Suas obras reúnem linguagens e representações ligadas à química e à medicina, diferentes maneiras de observar o cosmos e narrativas sobre a origem do mundo

A Gentil Carioca São Paulo apresenta “Denilson Baniwa: Yawara Akanga”, a partir do dia 07 de abril de 2026 (terça-feira), a partir das 16h, a nova mostra do artista visual indígena em que apresenta 10 obras inéditas feitas em fibra de tururi, produzidas em 2025, em que dá continuidade à sua pesquisa sobre a presença não indígena na região do Rio Negro e no território amazônico. O texto crítico fica a cargo do curador chefe do Museo Universitário del Chopo da Cidade do México, Miguel A. López. É a segunda solo na unidade paulista, precedida pela mostra “Moqueca de Maridos”, realizada em 2023.
Suas obras revisitam o passado por meio da reinterpretação de imagens de tradições e representações locais, instituições europeias e norte-americanas (incluindo o Musée du Quai Branly, na França; o Museu Nacional de Etnologia de Lisboa, em Portugal; a Biblioteca da Universidade de Princeton e a Fundação Getty, ambas nos Estados Unidos), bem como arquivos fotográficos de internatos católicos e missões salesianas em aldeias amazônicas.
Uma ode à natureza
Criadas com pigmentos naturais, carvão e penas de aves sobre fibras de casca de árvore, essas peças funcionam tanto como testemunhos ancestrais quanto como diagramas contemporâneos das forças que moldam os corpos e a vida na Amazônia.
Frases como “Antes do pecado, todos bebiam CAXIRI!” ou “FÉ! Fé! Luta! Luta!” destacam a transição entre a imposição religiosa e as formas de resistência anticolonial, enquanto a presença de imagens de deuses e espiritualidades indígenas ao lado de figuras da mitologia grega e romana demonstra uma tentativa de posicionar as histórias amazônicas como pontos de partida para repensar a filosofia e a história ocidentais.
“Ao mesmo tempo, as obras mostram a construção da subjetividade indígena como um processo constante de negociação e resistência, no qual — diferentemente da perspectiva ocidental moderna — animais, plantas e forças espirituais ocupam um papel de liderança”, afirma o curador Miguel A. López em seu texto.
Instalação multimídia
Recentemente, ele apresentou a vídeo-instalação “O JARDIM” (Trilogia das Plantas 2), juntamente com o cineasta Felipe M. Bragança, de nov/2025 a jan/2026, na mesma unidade da Gentil carioca, na Travessa Dona Paula, em Higienópolis, em São Paulo.
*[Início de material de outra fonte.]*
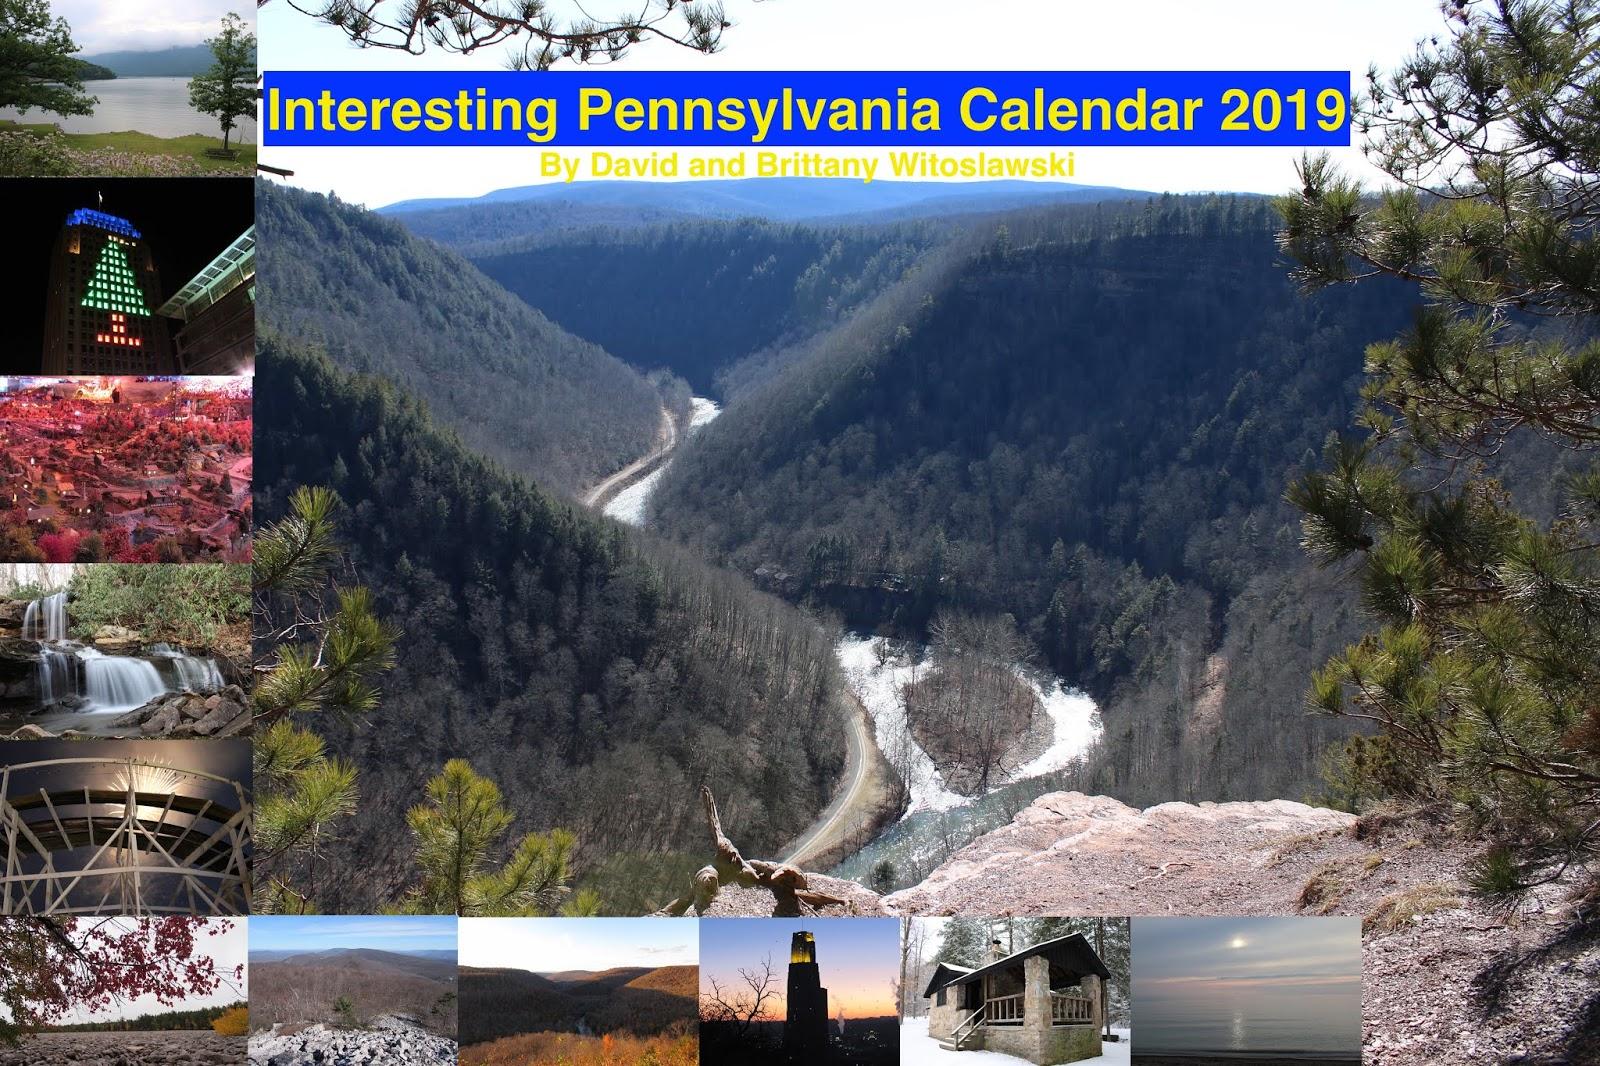 Calendrier Trail Bretagne 2019.Interesting Pennsylvania And Beyond 2019 Interesting

O projeto é parte de uma trilogia que mistura narrativas do povo Baniwa com a filosofia do italiano Emanuele Coccia (que faz uma participação na obra) para projetar a ideia de uma iminente “revolução vegetal”. A obra foi realizada com o apoio do RUMOS ITAÚ CULTURAL.
Sobre Denilson Baniwa
Artista amazônida de origem na nação Baniwa, tem como base de trabalho a pesquisa sobre aparecimentos e desaparecimentos de indígenas na História Oficial do Brasil, ao mesmo tempo em que busca nas cosmologias indígenas e suas representações artísticas um possível método de compartilhar conhecimentos ancestrais e ao mesmo tempo criar um banco de dados com essas cosmologias como modo de salvaguardá-las.
Participou de exposições no CCBB, Pinacoteca de São Paulo, CCSP, Centro de Artes Hélio Oiticica, Museu Afro Brasil, MASP, MAR, Museu do Amanhã, Bienal de Sidney, Bienal de São Paulo, Getty Museum em Los Angeles, Museo Amparo no México, Inhotim, dentre outros. Em 2024, foi um dos curadores do Pavilhão Brasileiro na Bienal de Veneza.